Tuesday, August 25, 2015

birth story part two | my story

Now that we have a beautiful, healthy baby at home with us, time to share the birth story! It did not go off quite like I had planned, but in the end came together perfectly. However, there was a moment in my meltdown where I imagined having to write my blog post in a “when birth plans go wrong” style. But praise the Lord for His plan, His timing, and a lesson on patience along the way ;)

We arrived for our induction on her due date, July 23rd. we left our house at 5:00 and made it to the hospital in time for our 6:00am time slot. Cody and I both said once we pulled into Lubbock “did you feel like that drive was super fast?!”, guess both of our minds were all over the place! I got to the hospital, walked down the hallway to my room while saying hi to all my coworkers and got the IV placed and Pitocin started.

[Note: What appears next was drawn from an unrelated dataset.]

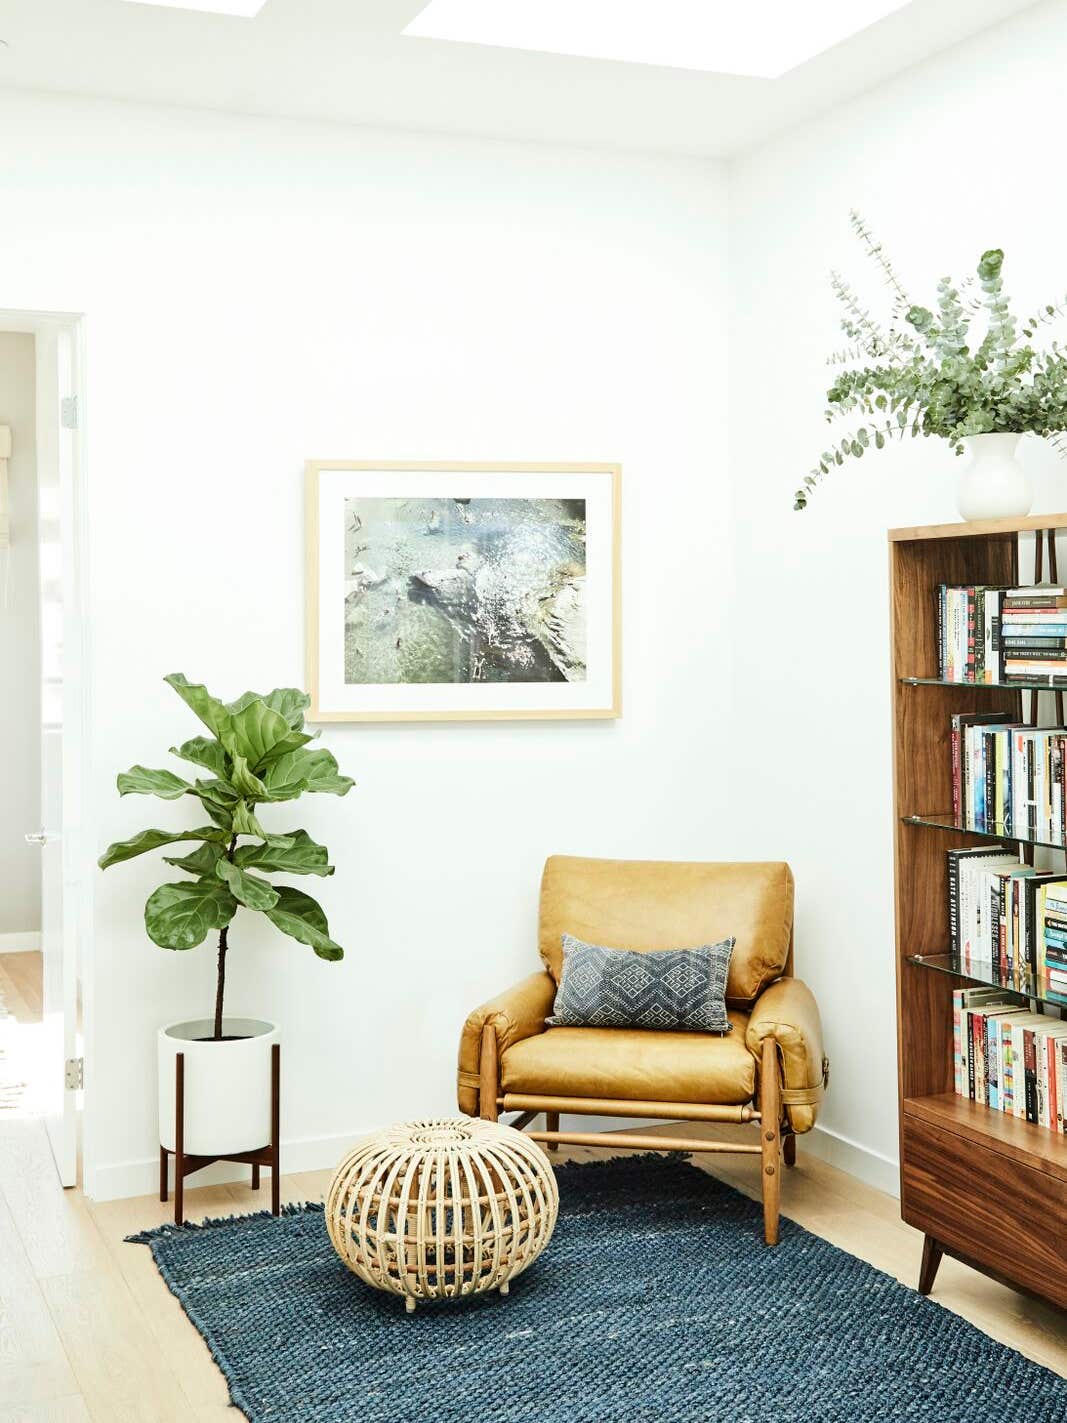 Cali Cool Takes on a New Meaning in This Light-Filled Home

I had for some reason had in my head for weeks “I’m going to go into labor early” and “she’s going to be a little baby”, boy was I wrong! I also had told myself that I of course wanted a vaginal delivery but was open to a C-section under the conditions of 1) crazy long induction with no change 2) her heart rate is non-reassuring 3) any other concern, I would rather have a controlled C-section before it became an emergency. I wasn’t fearful of a c-section, but wanted to avoid it if possible. I did not have a “birth plan” but had certain ideas of how I wanted things to go… not doing interventions unless necessary, epidural upon request, other than that just allow my body to labor.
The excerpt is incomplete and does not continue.